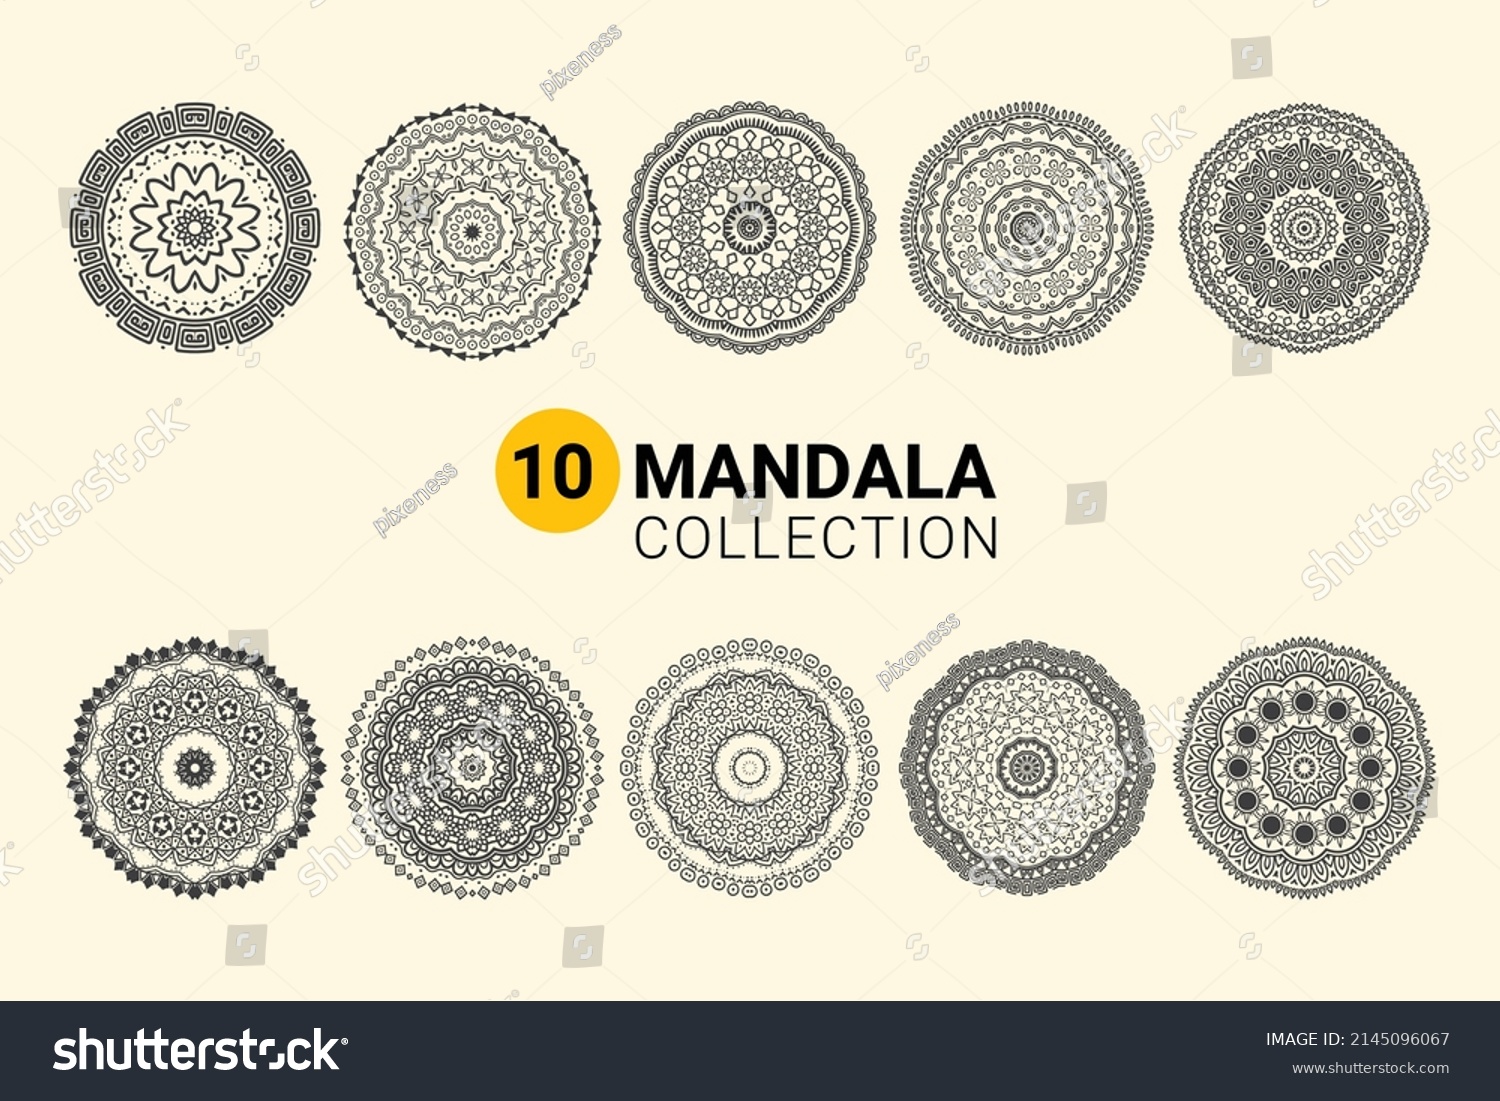 SVG of Mandala Coloring Book for Kdp Interior, Ornamental luxury mandala pattern, Outline collection of abstract yoga symbol, Set of hand drawing zentangle mandala elements svg
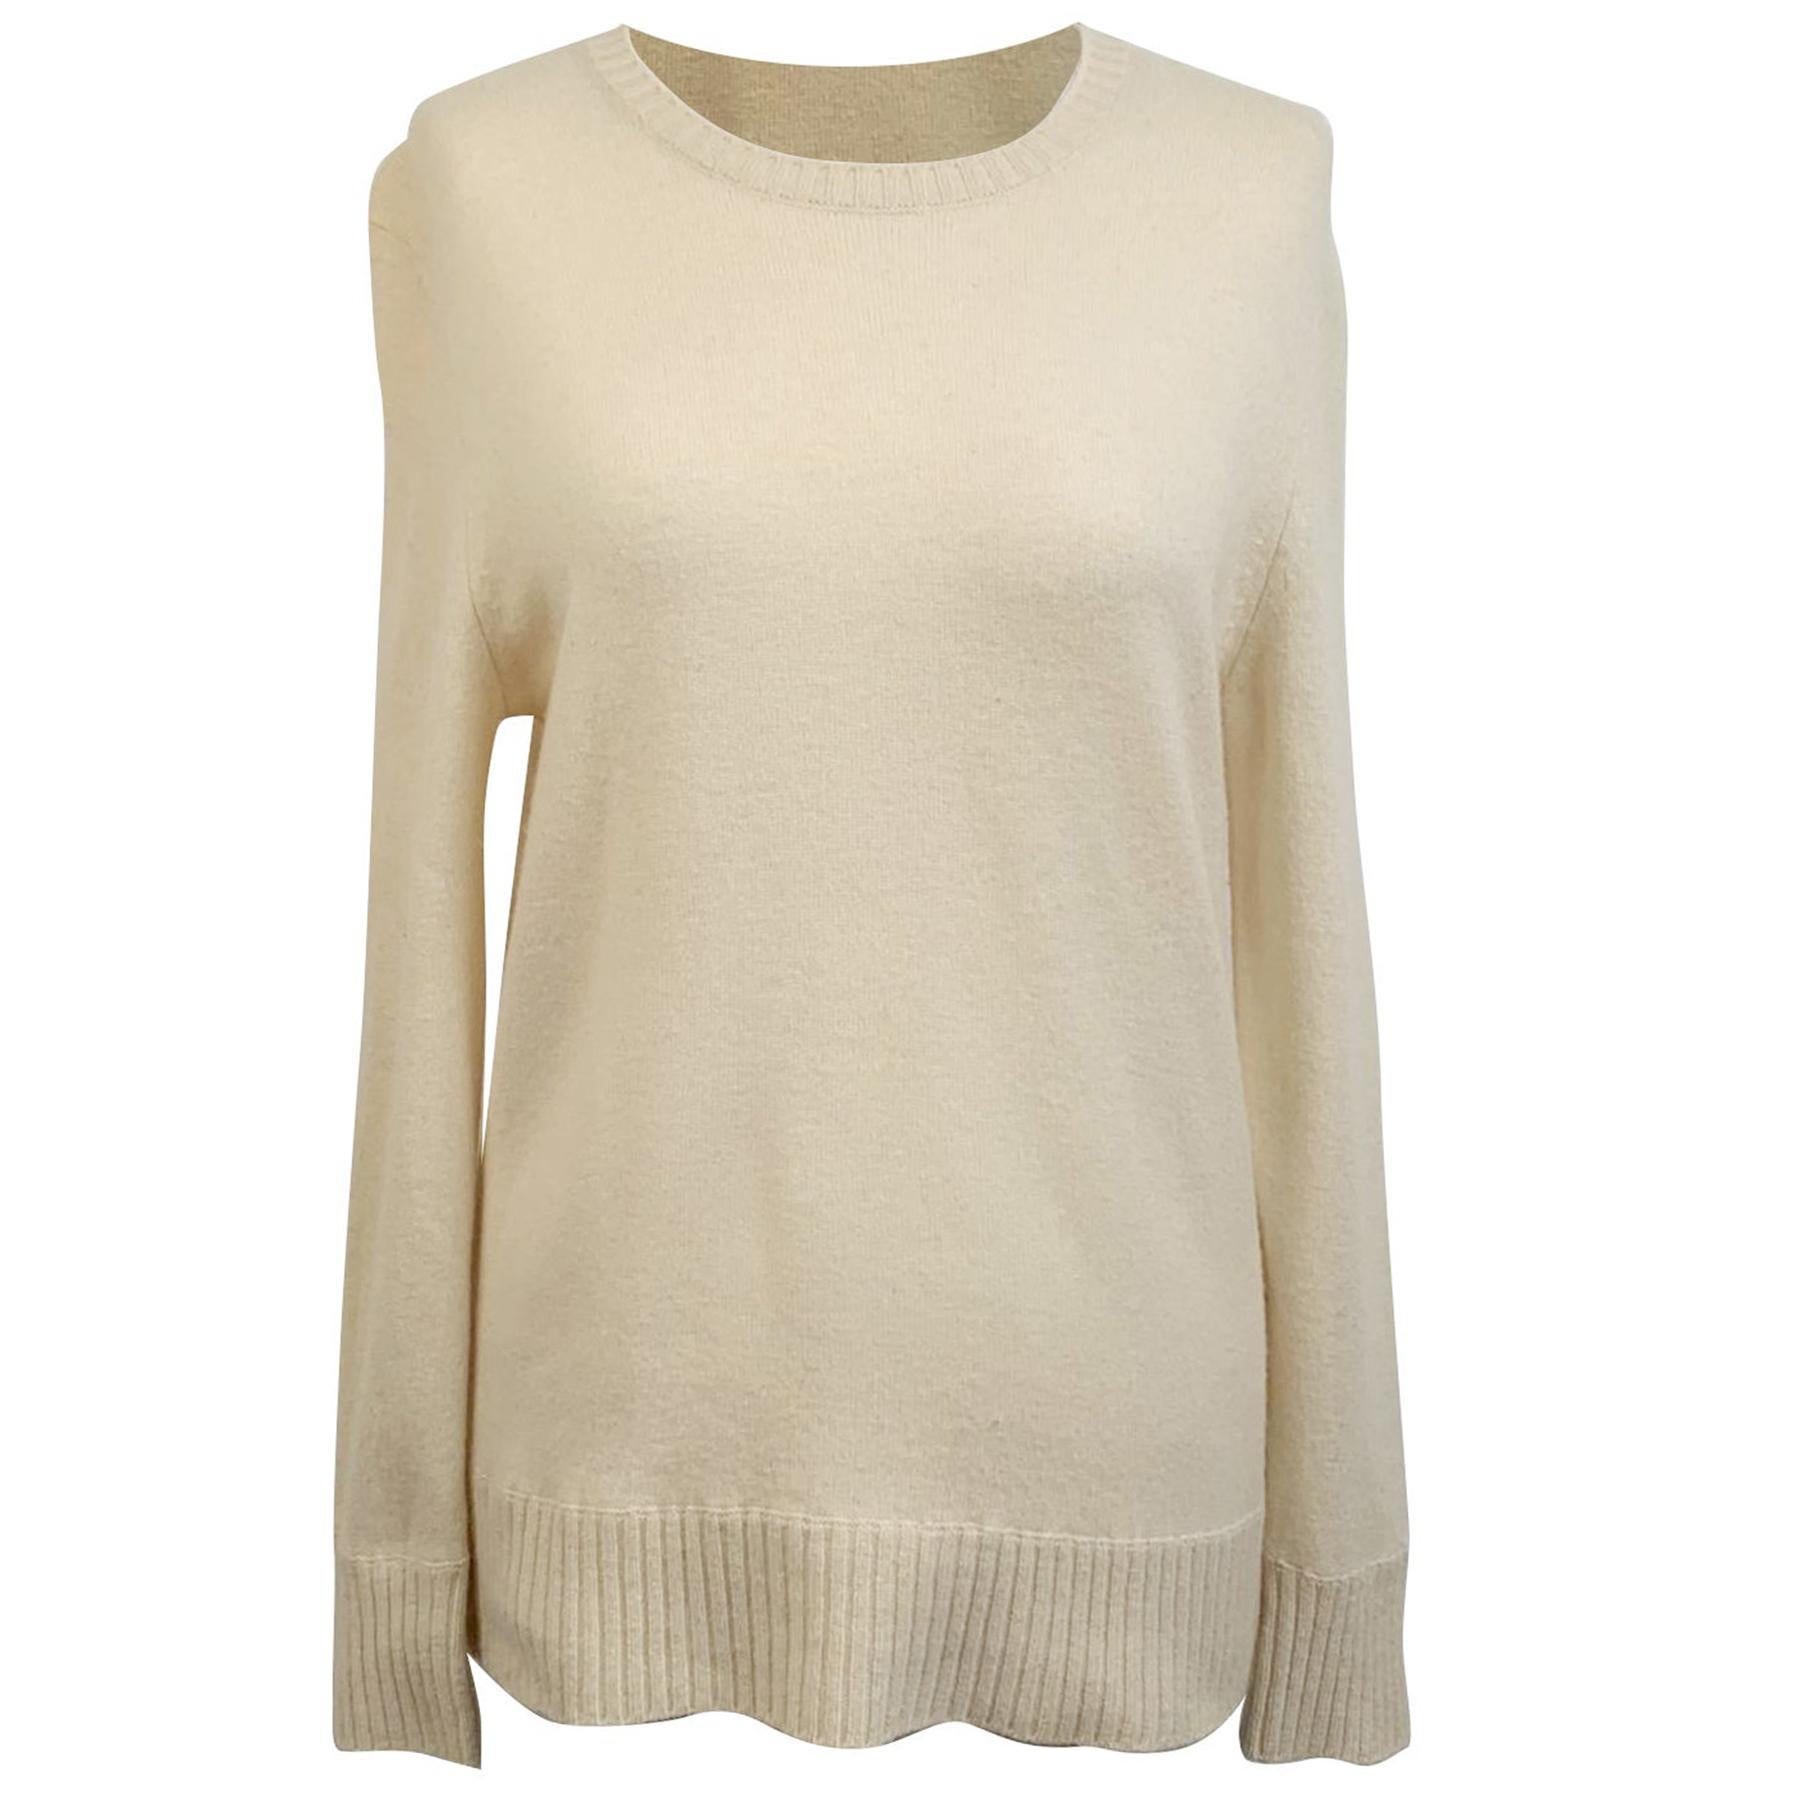 Laura Biagiotti Ivory Wool Cashmere Long Sleeve Jumper Sweater Size 40
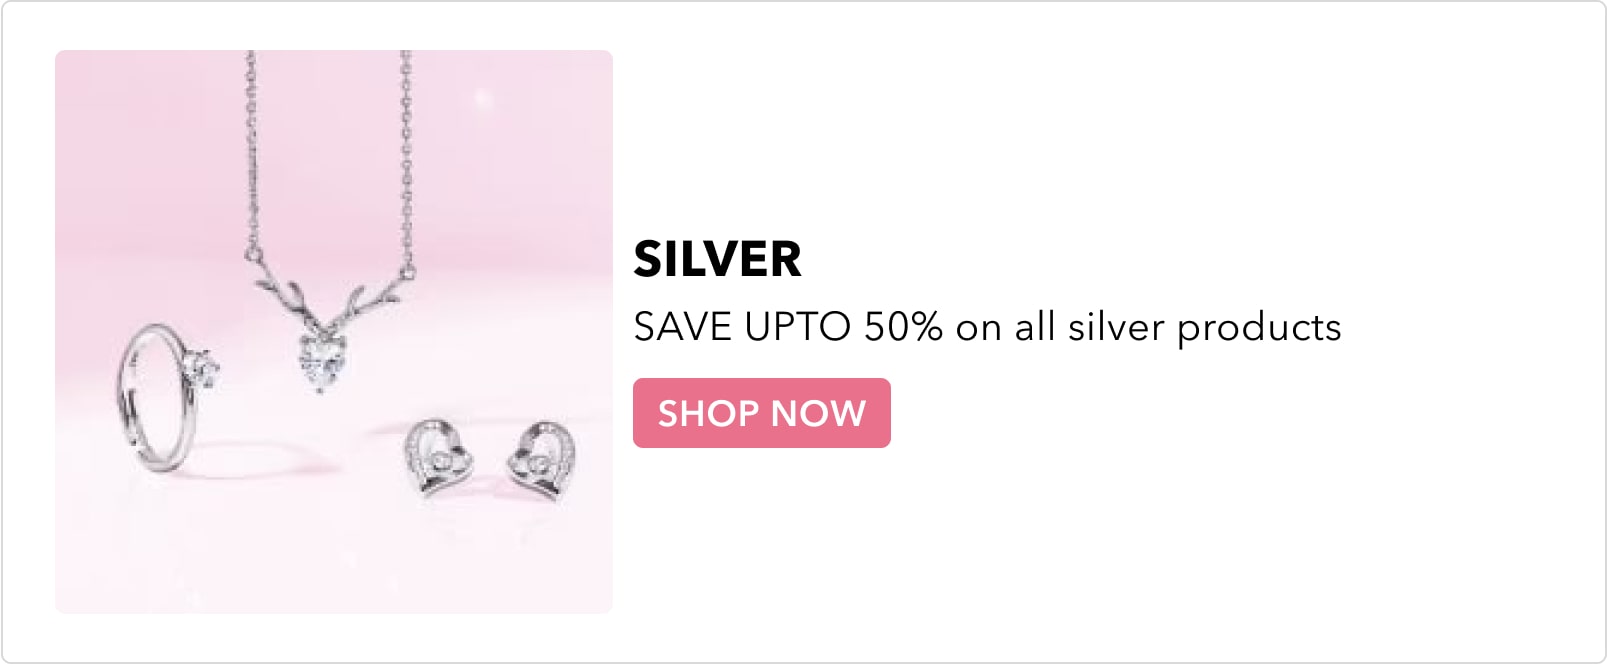 SAVE UP TO 50% on all silver products
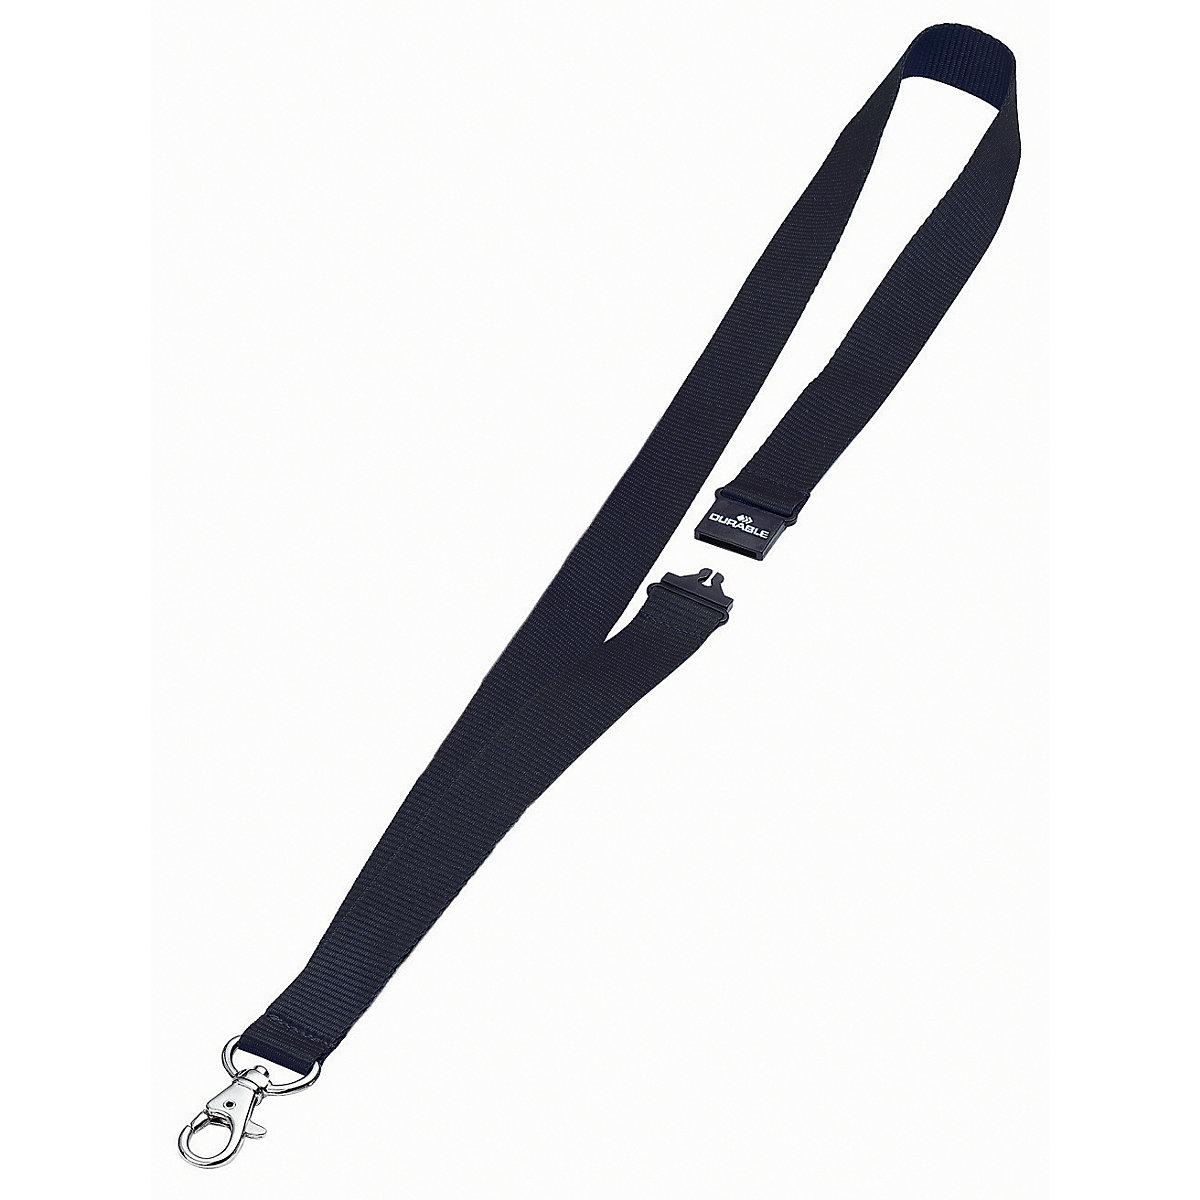 Fabric straps with snap hook - DURABLE
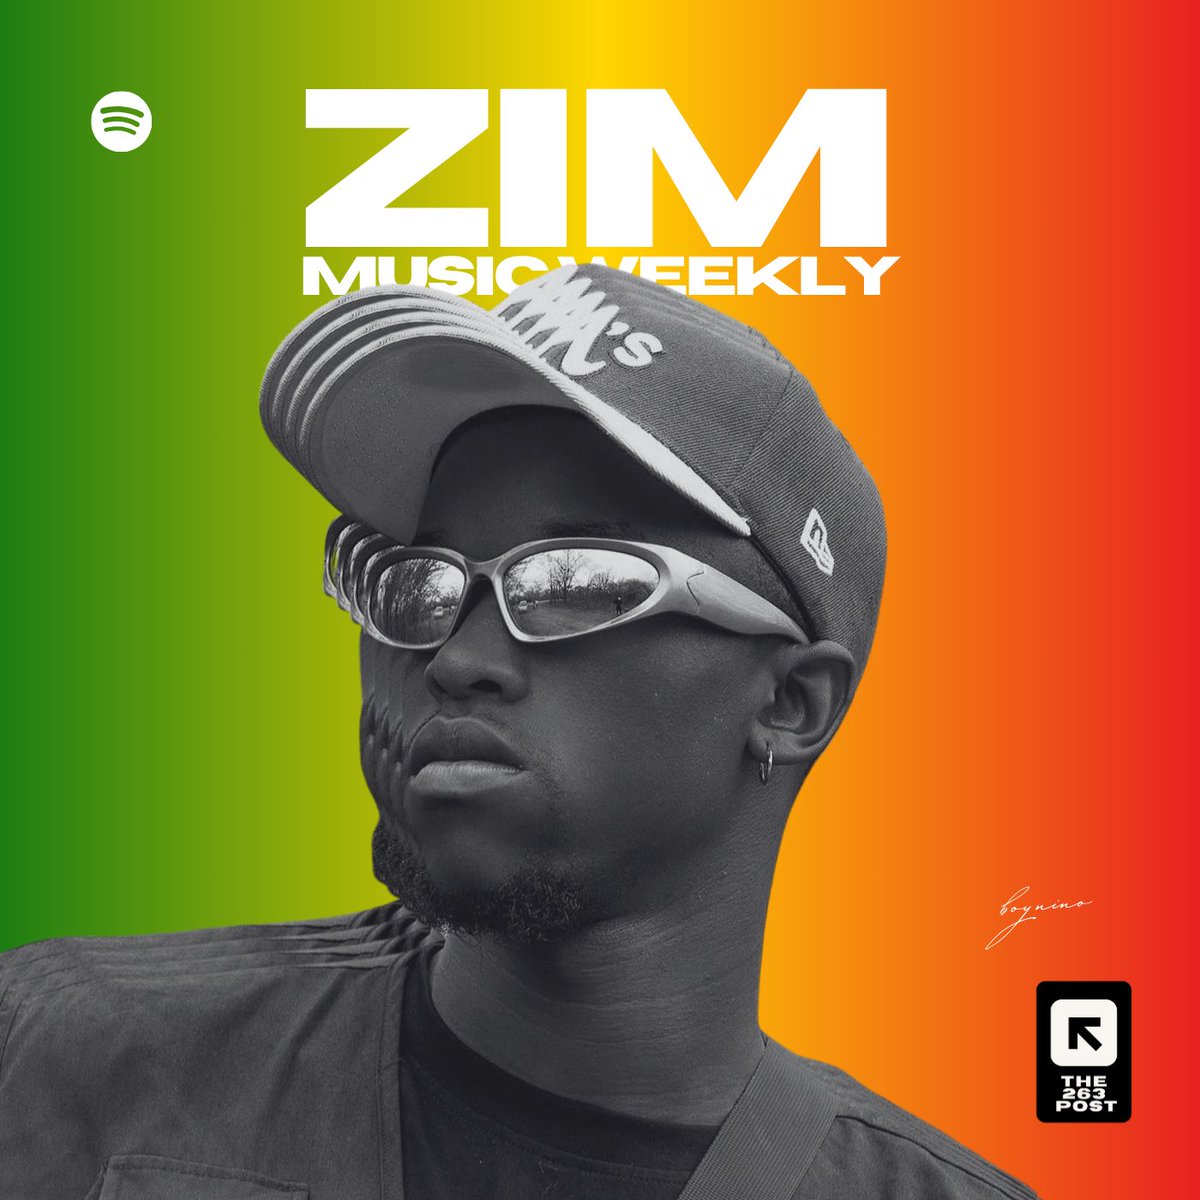 Zim Music Weekly is a weekly playlist featuring the best of Zimbabwean music, giving you a taste of the country's diverse soundscape. Cover Artist | Boy Nino Stream | spotify.link/Tx3PCARVazb

■ WHAT YOU SHOULD DO ■
Every entry above is to be repeated word for word, with all pictures omitted.

■ ANSWER BELOW ■
 SVG of Mandala Coloring Book for Kdp Interior, Ornamental luxury mandala pattern, Outline collection of abstract yoga symbol, Set of hand drawing zentangle mandala elements svg
 Laura Biagiotti Ivory Wool Cashmere Long Sleeve Jumper Sweater Size 40
 SAVE UP TO 50% on all silver products
 Fabric straps with snap hook - DURABLE
 Zim Music Weekly is a weekly playlist featuring the best of Zimbabwean music, giving you a taste of the country's diverse soundscape. Cover Artist | Boy Nino Stream | spotify.link/Tx3PCARVazb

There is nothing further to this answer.